Read a random page from Foxe's Actes and Monuments of these Latter and Perillous Days, and you'll soon realize that the martyrs of the past had it pretty easy. William Tyndale, for instance, was strangled before being burned at the stake.
This basic courtesy has been denied Dr. Jim Buckee, who is being immolated -- figuratively speaking -- while in full possession of his senses.
Dr Jim Buckee says he feels like a heretic, persecuted for his views and treated like an outcast. His crime? Being a climate change sceptic.Dr. Buckee, who has no one on his side but sympathetic journalists and media outlets, countless interlocking conservatarian thinktanks, a fair number of influential politicians, and the oil and gas industry he served so honorably, "believes human behaviour has no effect on the climate." Not only that, but we're about to enter a global cooling period. And furthermore, "it's teh sun, stupid!"
Next week the former chief executive of the oil and gas firm Talisman, who has a PhD in astrophysics from the University of Oxford, will try to convince others that climate change has nothing to do with human activity.
Scientists who have seen evidence against each of these propositions believe that Buckee's wrong, which naturally means that they comprise a new Holy Vehm:
"Any dissension is like a heresy," he says. "People are stamped on so they can't be heard. That has religious overtones."I'm impressed by Buckee's courage, Lord knows. But let's also have a round of applause for Jenny Haworth and her paper The Scotsman, who have dared to record the words of this brave man, despite the likelihood that Haworth will be prosecuted under the State Secrets Act, and the paper will be turned into an official organ of the Alliance for Green Socialism by an act of Parliament.
Please be advised that Dr. Buckee doesn't like wind farms unless they're "economic." Most of them, however, are "non-economic," in the sense that the government makes them viable through incentives and subsidies, which is what distinguishes wind farms from coal mines and nuclear plants.
That is Dr. Buckee's view of the matter. You would do well to make it your own.
Also, just because Dr. Buckee is a heretic, and has had his tongue pierced -- figuratively speaking -- by the white-hot poker of professional disagreement, don't go thinking that his views are somehow out of the mainstream.
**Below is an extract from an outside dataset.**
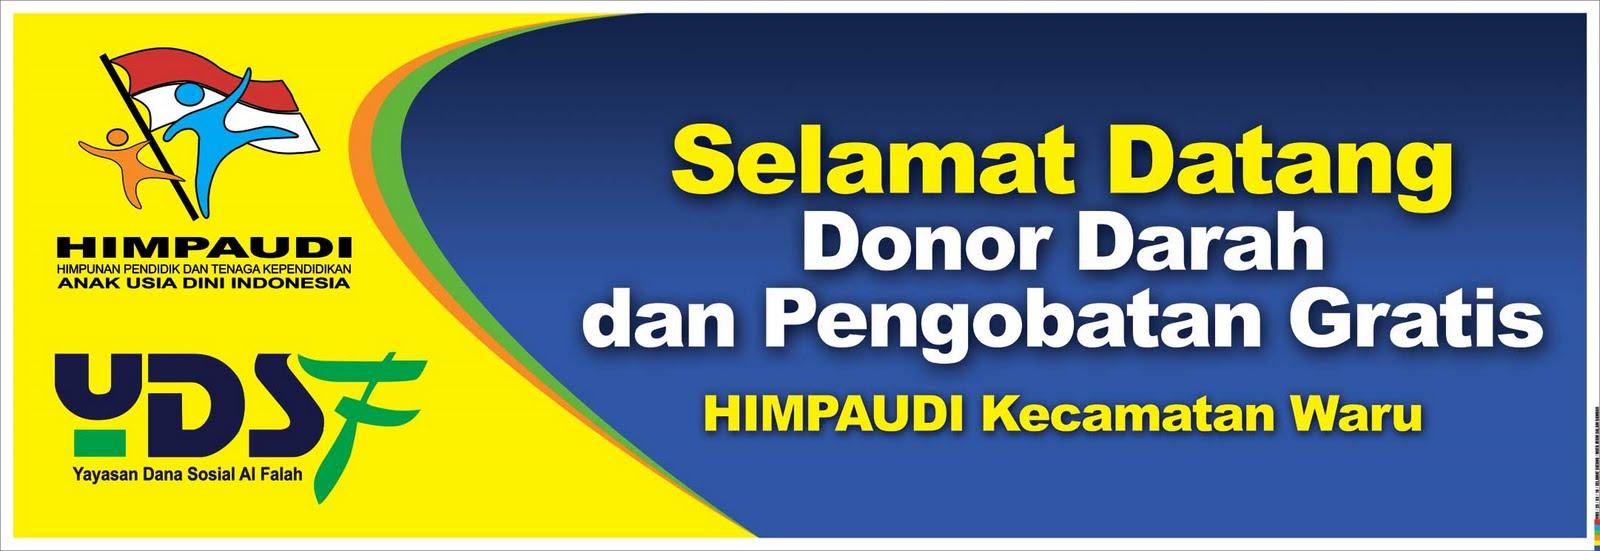 Spanduk Selamat Datang Donor Darah Yayasan Dana Sosial Al Fallah
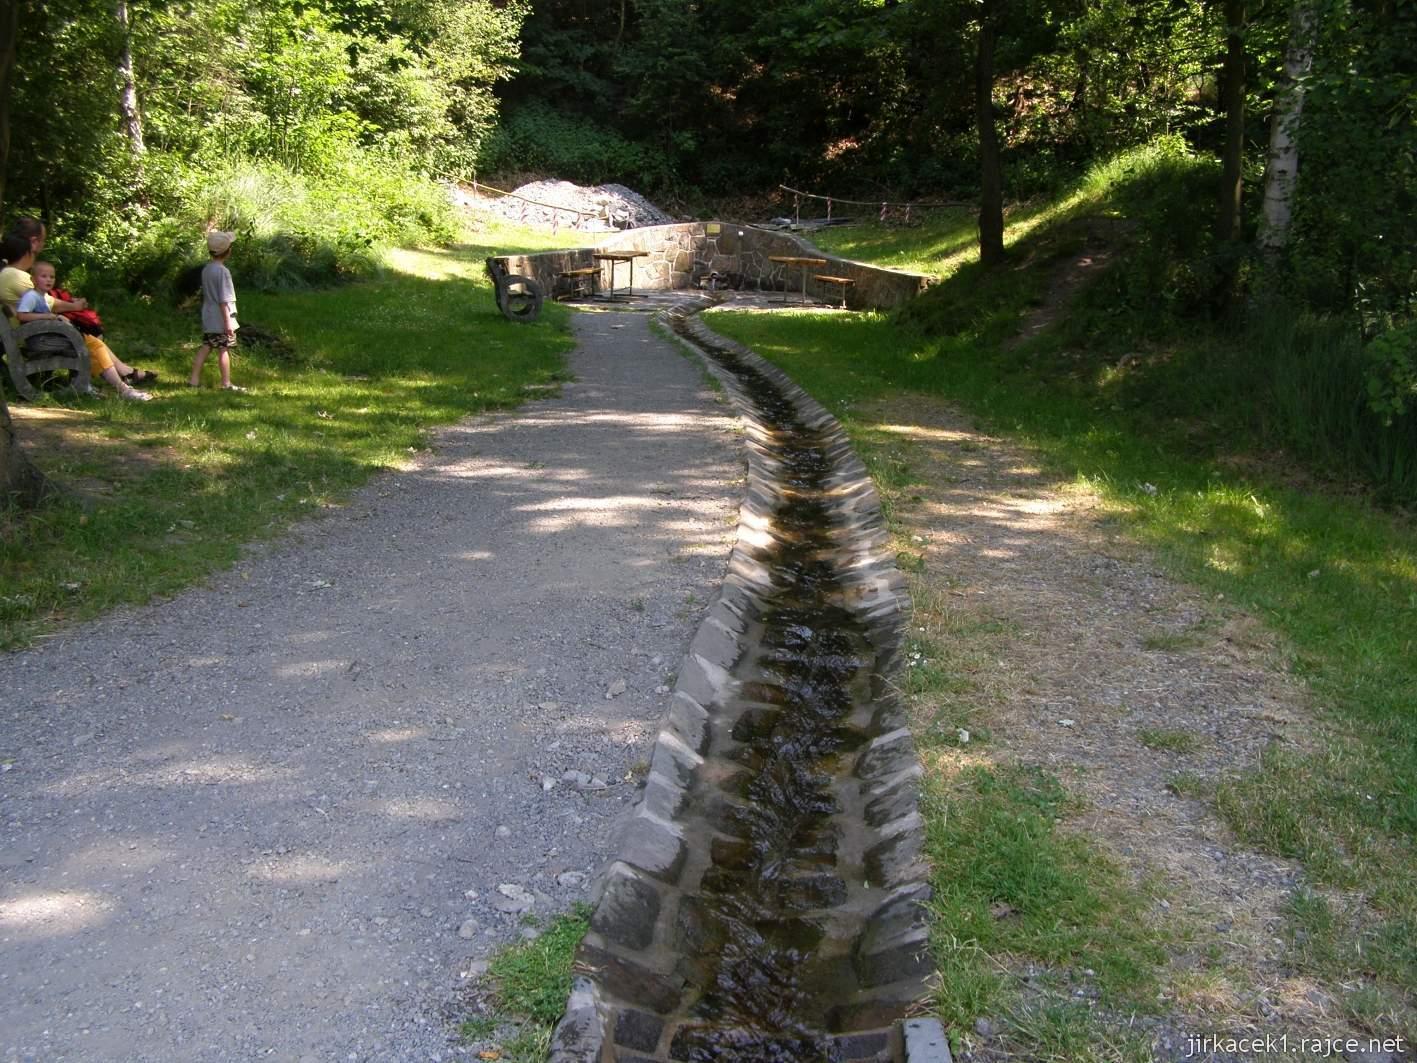 Bělá - Priessnitzovy přírodní lázně 10 - tok vody z pramene do koupacího bazénku

"I think it is the dominant view in professional science circles," he says.Why shouldn't it be? All climatologists can read and understand the data at least as well as Dr. Buckeee, and they surely agree with Donne's claim, regarding the sun, that "thy duties be to warm the world." If they won't admit it, they must be afraid. And if they're afraid, someone must have frightened them. QED!
Above all, don't imagine that Dr. Buckee's career in the energy industry has warped his perceptions. If he had any conflict of interest, he'd keep quiet in order to avoid scandal and contention:
"A vested interest would make me shut up because it would drag up controversy," he says.At this point, Ms. Haworth buckles under the pressure of the Warming Cult, and devotes the rest of her article to people who think that Buckee's a self-aggrandizing schmuck with a poor grasp of the facts.
Mr McLaren says that, far from having their views suppressed, sceptics have been given too much exposure.Harsh words, alongside of which the terrors of the bastinado are as nothing. But at least Dr. Buckee can take some satisfaction in the fact that Haworth's treachery proves his point: why would she go to the trouble of
"It has been massively damaging on a public and political level that the views of a small minority of ill-informed sceptics have been given virtually equal weight to the consensus of the scientific community by the majority of the mainstream media," he says.
"Something that's contrary to the accepted wisdom is more likely to be seen as news. If a scientist stood up and said the IPCC was right, there wouldn't be any news."
That being the case, Buckee would be wise to follow the example of John Hooper, Bishop of Gloucester and Worcester, who, having been placed upon the stake and set alight, "said with an indifferent loud voice, For God's love, good people, let me have more fire!"
1 comment:
Ah, Buckee, so impetuous with his honesty. A pity his interlocutor didn't go on to elicit his forthrightness on the cooperation of international oil companies (such as Talisman) with quasi-theocratic autocracies (such as would be found ruling from, say, Khartoum) in the oppression of more southerly indigenous peoples (as would be found in southern Sudan, but really, who takes notice). I'm sure that he would have been happy to explain how Talisman was totally neutral in any long-standing civil wars in Africa countries where it was drilling, and that any appearance of collusion with any Islamist governments that happened to be loitering about the place was truly illusory, and correlation does not equal causation, and anyway it's all due to the activities of the sun.
Jesus, Phila, I don't know how you do it. I had to stop three times for breath there. Mind you, I gave a four-hour lecture this afternoon.
Anyway thanks for excoriating the disgusting Buckee, who offends the air with his own personal pong of moral squalor notable even in the feculent atmosphere of the Calgary Oil Patch.